Word for word, return the lines below from the first through the line that has "Nike Dri-FIT Atlético", dropping the pictures.

Dataset excerpts:
####

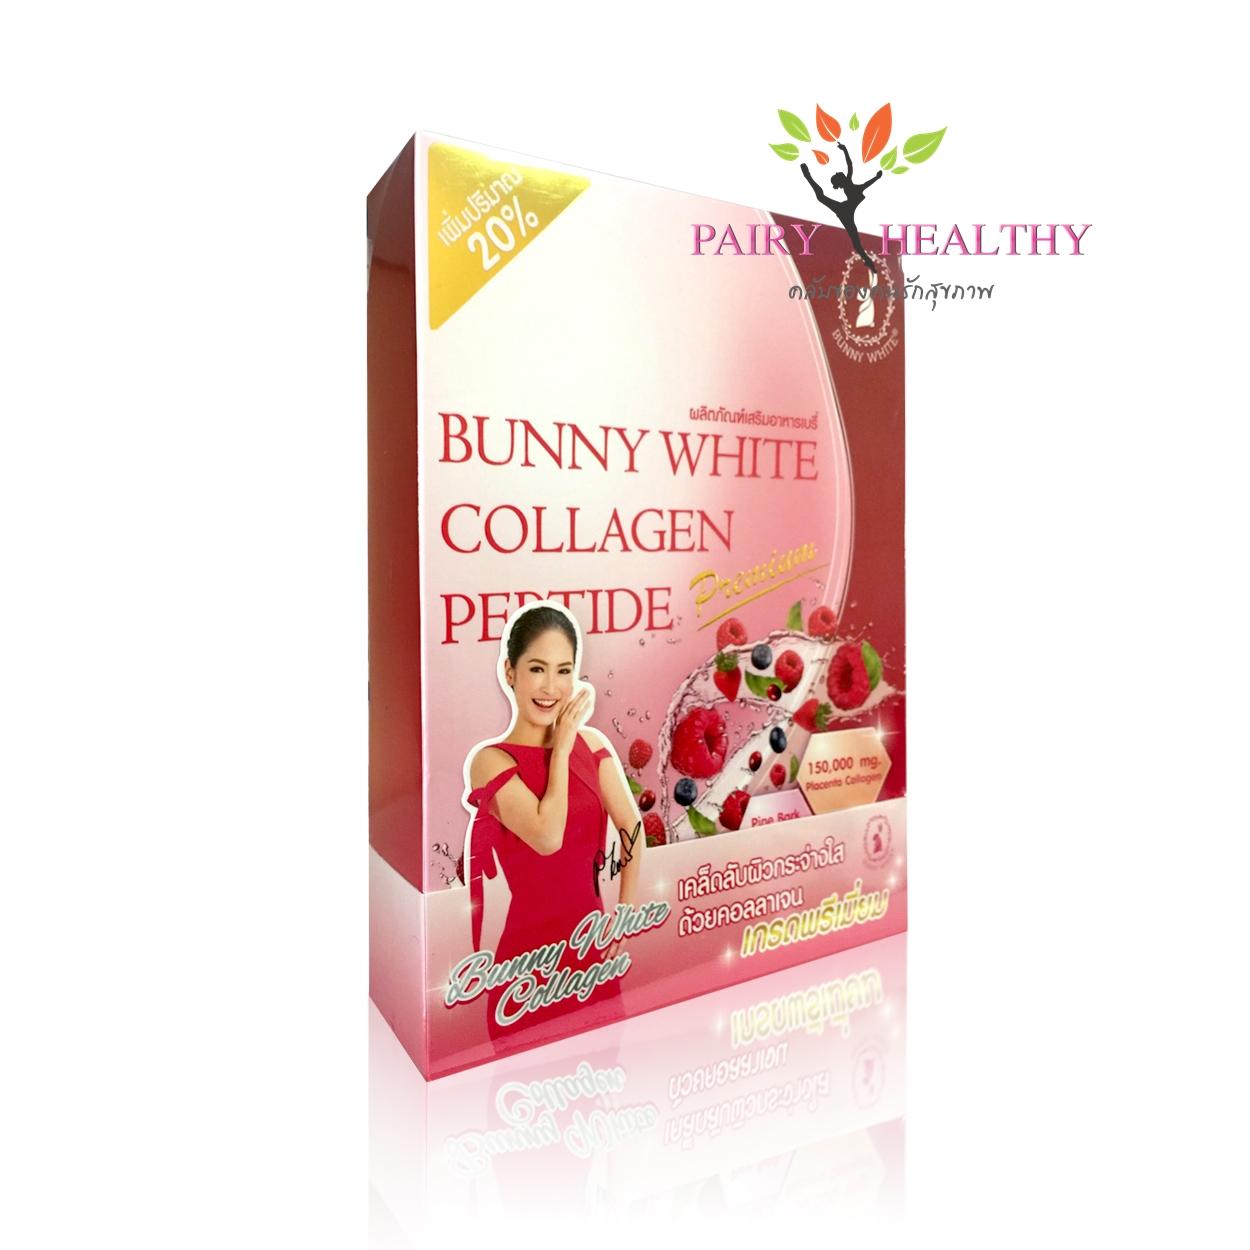 Bunny White Collagen 50,000 mg บันนี่ไวท์ คอลลาเจน 15 ซอง ราคา 840 บาท ส่งฟรี EMS [ไม่ต้องโอนค่าส่ง]
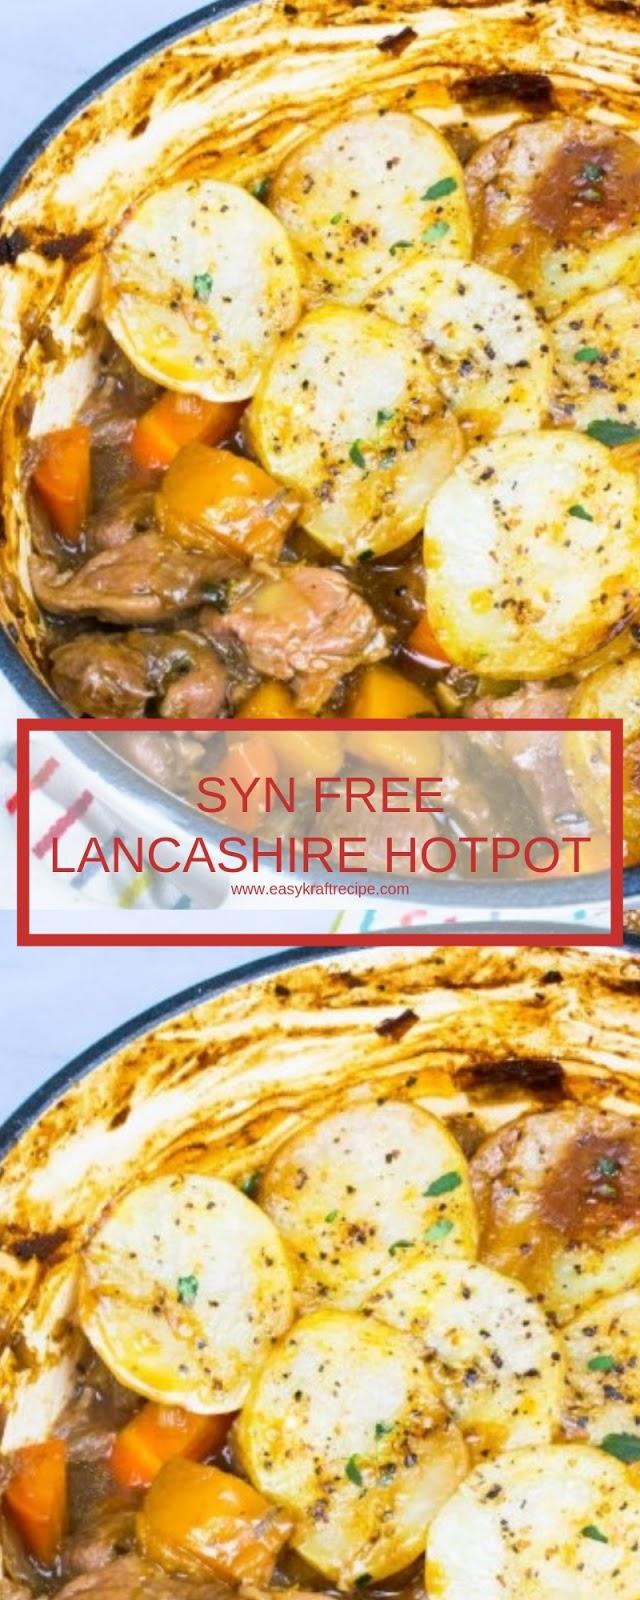 SYN FREE LANCASHIRE HOTPOT
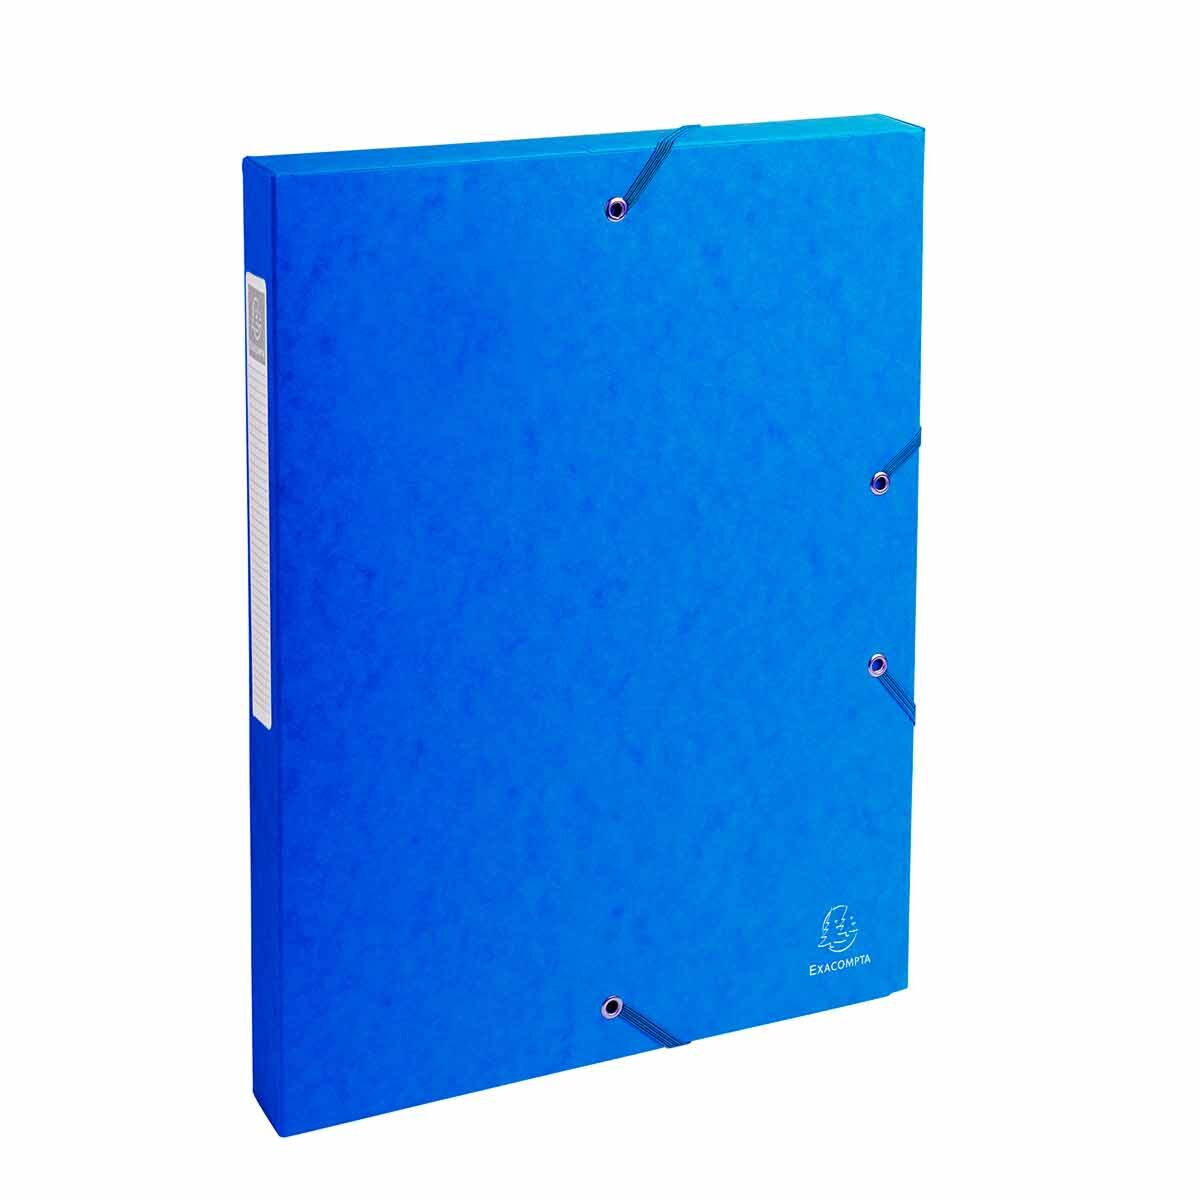 Exacompta Elasticated Box File Pressboard A4 25mm Pack of 8
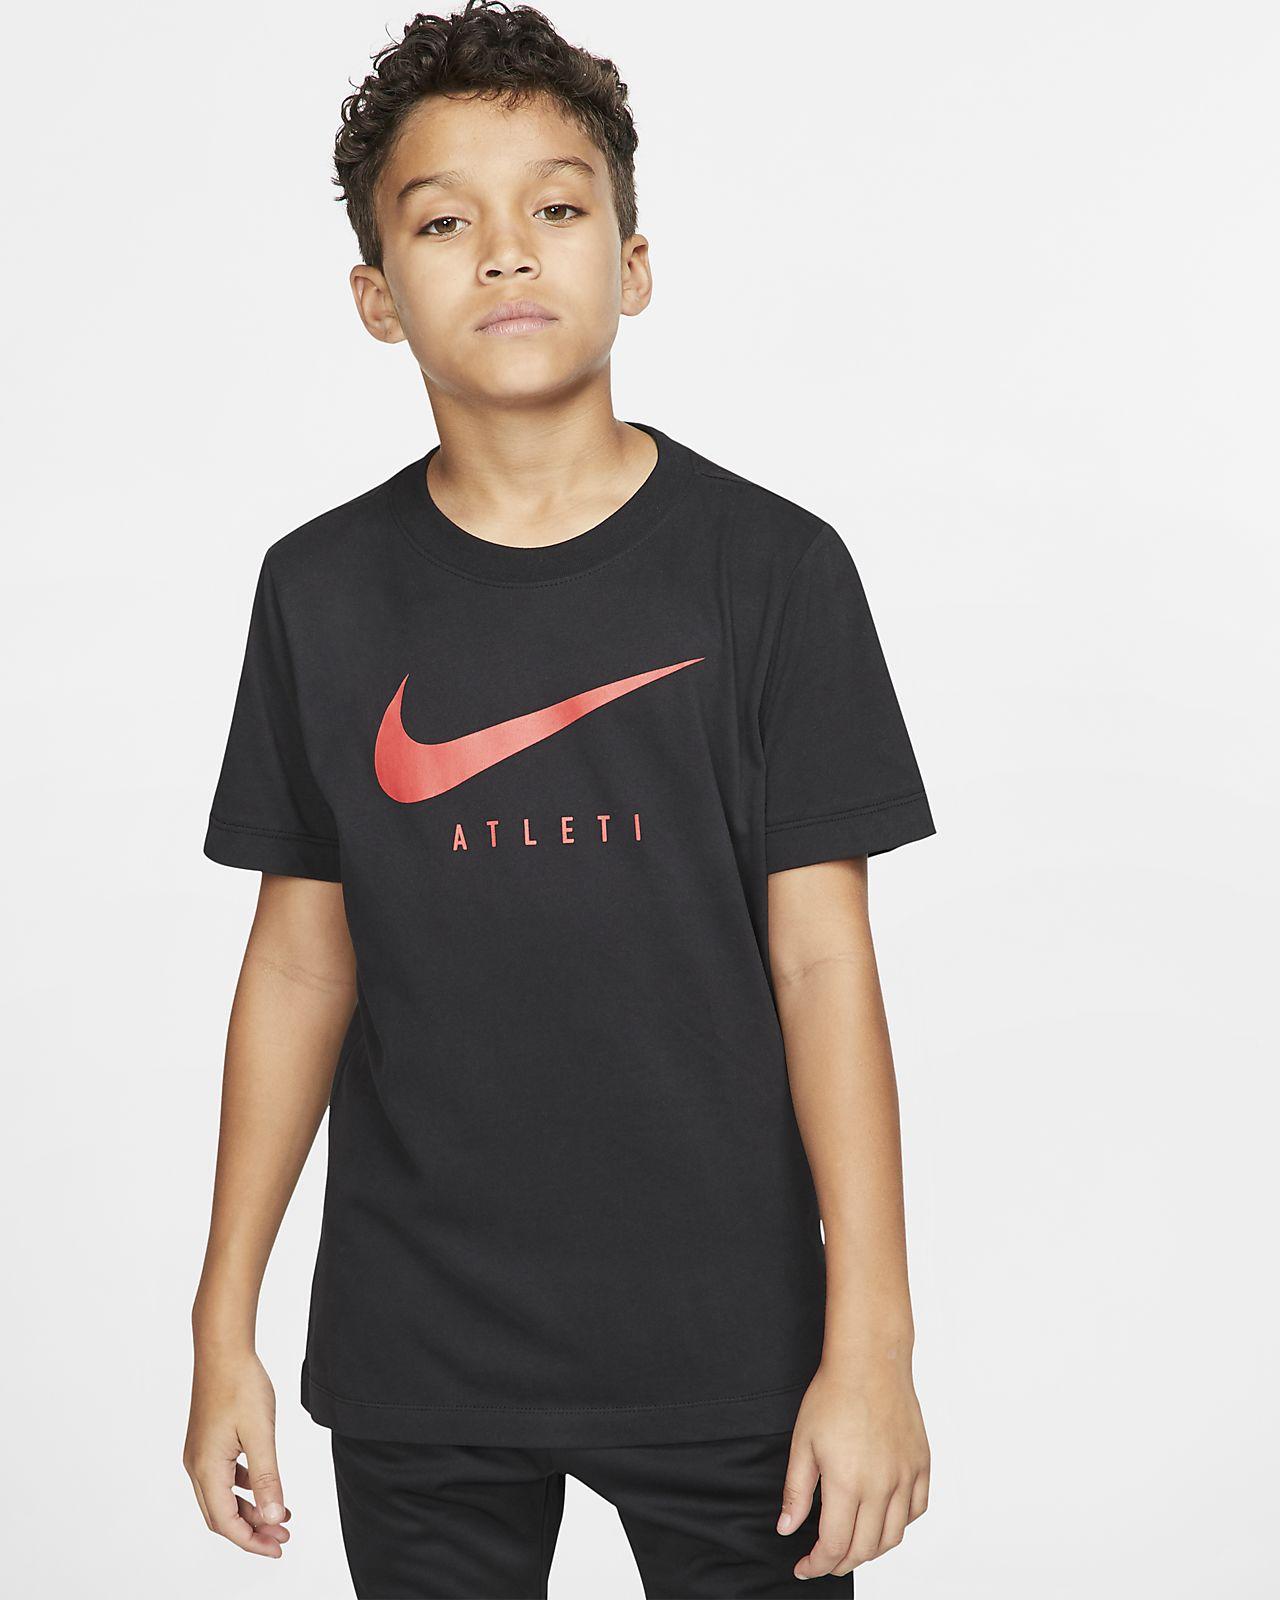 Nike Dri-FIT Atlético de Madrid Older Kids' Football T-Shirt
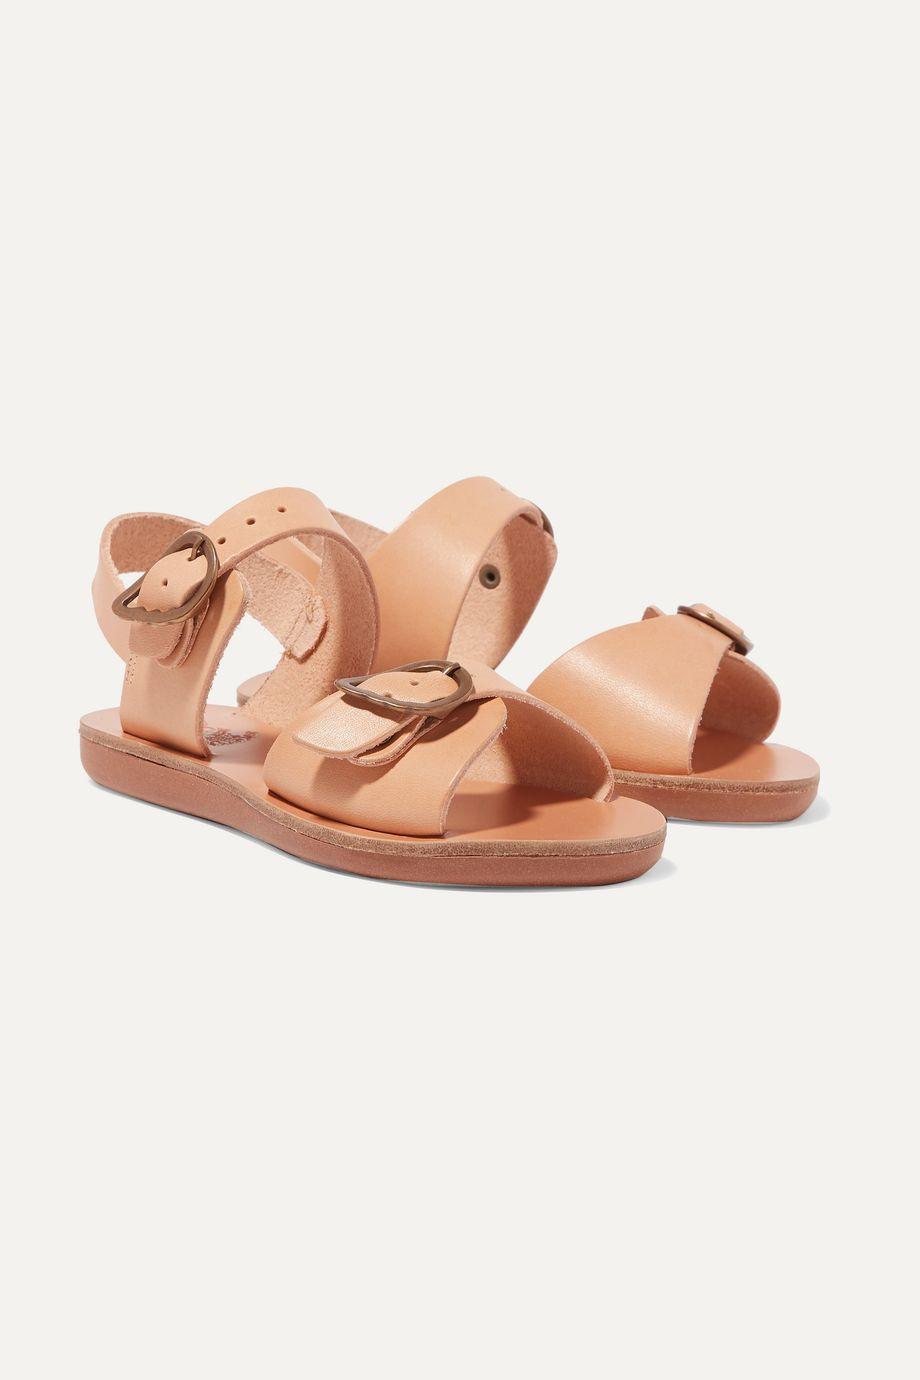 Ancient Greek Sandals Kids Size 23 - 34 Little Irini buckled leather sandals

####

Solution for this problem:
 Bunny White Collagen 50,000 mg บันนี่ไวท์ คอลลาเจน 15 ซอง ราคา 840 บาท ส่งฟรี EMS [ไม่ต้องโอนค่าส่ง]
 SYN FREE LANCASHIRE HOTPOT
 Exacompta Elasticated Box File Pressboard A4 25mm Pack of 8
 Nike Dri-FIT Atlético de Madrid Older Kids' Football T-Shirt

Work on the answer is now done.